Five joint projects from U-M and Chinese university receive grants


Five teams from the University of Michigan and Shanghai Jiao Tong University are sharing $1 million in awards for research projects in the sixth round of funding of an ongoing collaboration between the two universities.

The winning projects in the latest round of annual grants through the U-M/SJTU Collaborative Research Programs for Energy and Biomedical Technology were focused on nanotechnology and data science.

The nanotechnology projects are concerned with artificial photosynthesis, health-related tissue inflammation and cathodes for lithium ion batteries. The data science efforts address analysis of neuronal networks and improvement of low-dose CT scans.

The U-M/SJTU program convenes research teams with complementary perspectives and areas of expertise to tackle challenges in energy and health, among other fields, that transcend national borders.

The program funds projects that have commercial potential and are likely to attract follow-on research funding from the U.S. and Chinese governments, as well as industry.

The nanotechnology projects are:

Bio-Templated Hierarchical Nanostructures for Artificial Photosynthesis

Principal Investigators: Neil Dasgupta, assistant professor of mechanical engineering, U-M; Tao Deng, professor in the Institute of Composite Materials, SJTU.
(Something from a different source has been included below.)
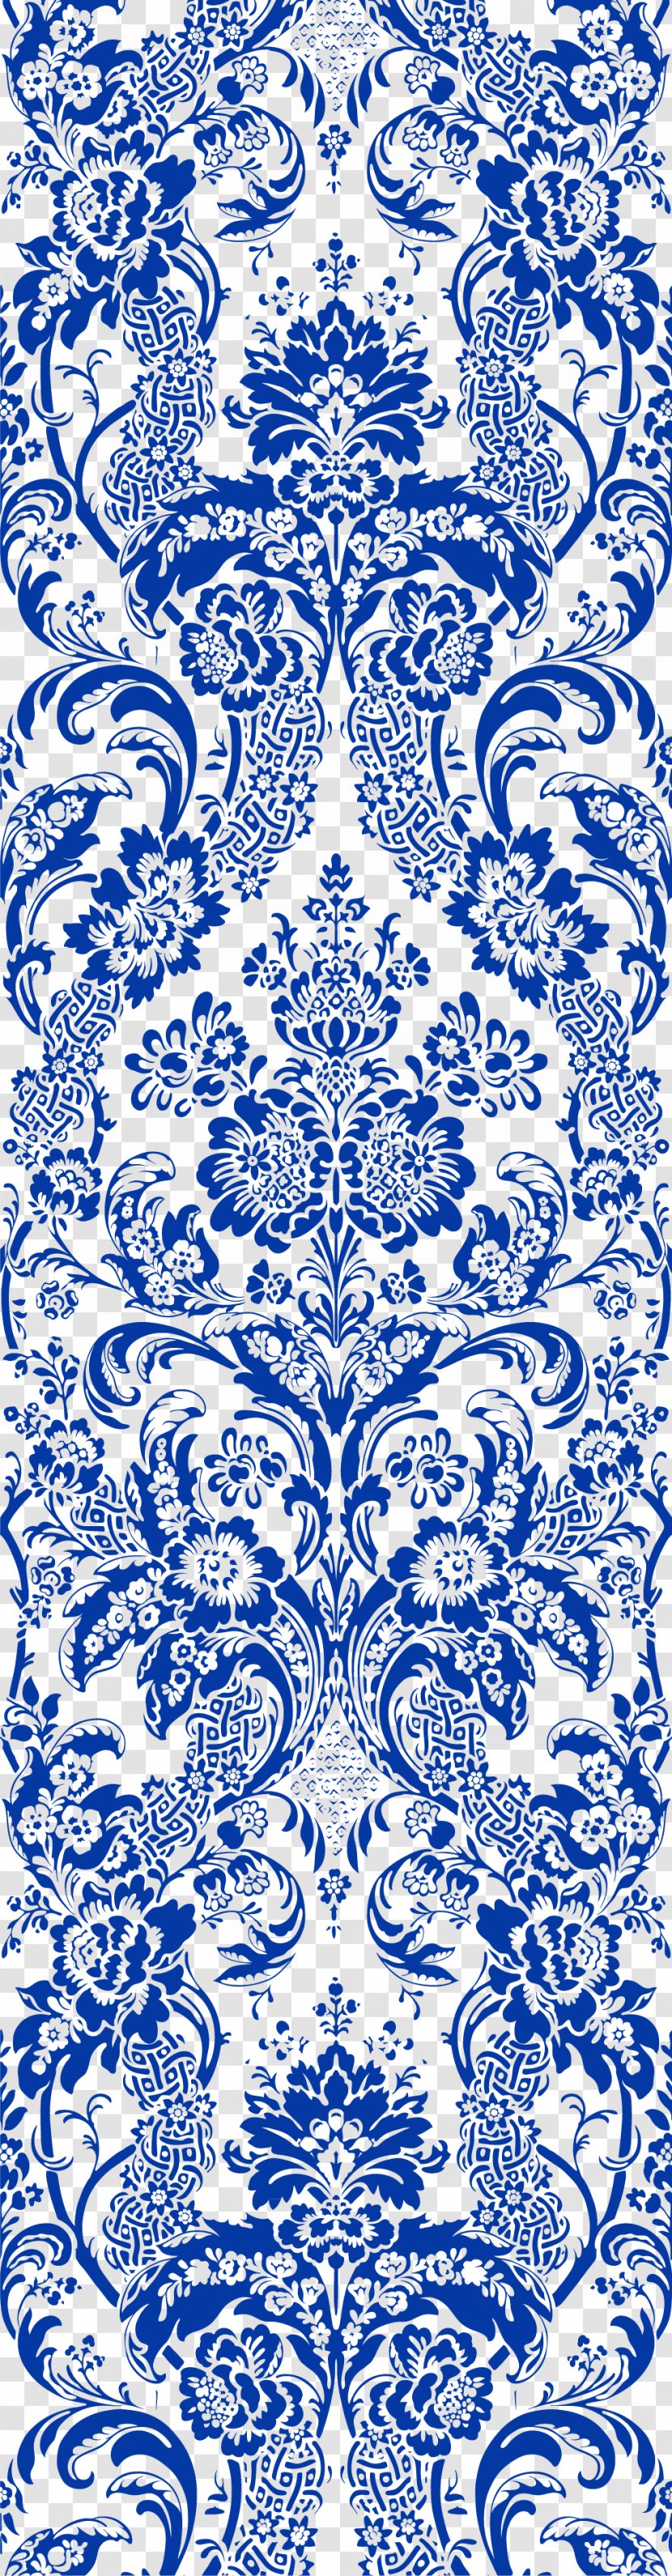 Huadi Blue And White Pottery Moutan Peony - Monochrome - Classical Chinese Porcelain Pattern Shading Transparent PNG

Goal: Develop new processes for the design and fabrication of bio-templated hierarchical nanostructures, and demonstrate their unique properties for artificial photosynthesis, based on bio-inspired engineering principles observed in butterflies.

Read an executive summary of the project.

• Nanostructured Substrates for Elucidating Inflammatory Response in Health and Disease

Principal Investigators: Lola Eniola-Adefeso, associate professor of chemical engineering and biomedical engineering, U-M; Chuanliang Feng, professor of materials science and engineering, SJTU.

Goal: Design biocompatible and compliant nano-scaffolds to treat inflammation associated with coronary artery disease.

Read an executive summary of the project.

• Mesoporous Carbon-Based Polyanionic Nanocomposite Cathodes for Lithium Ion Batteries

Principal Investigators: Christian Lastoskie, associate professor of civil and environmental engineering, U-M; Junliang Zhang, professor of mechanical engineering, SJTU.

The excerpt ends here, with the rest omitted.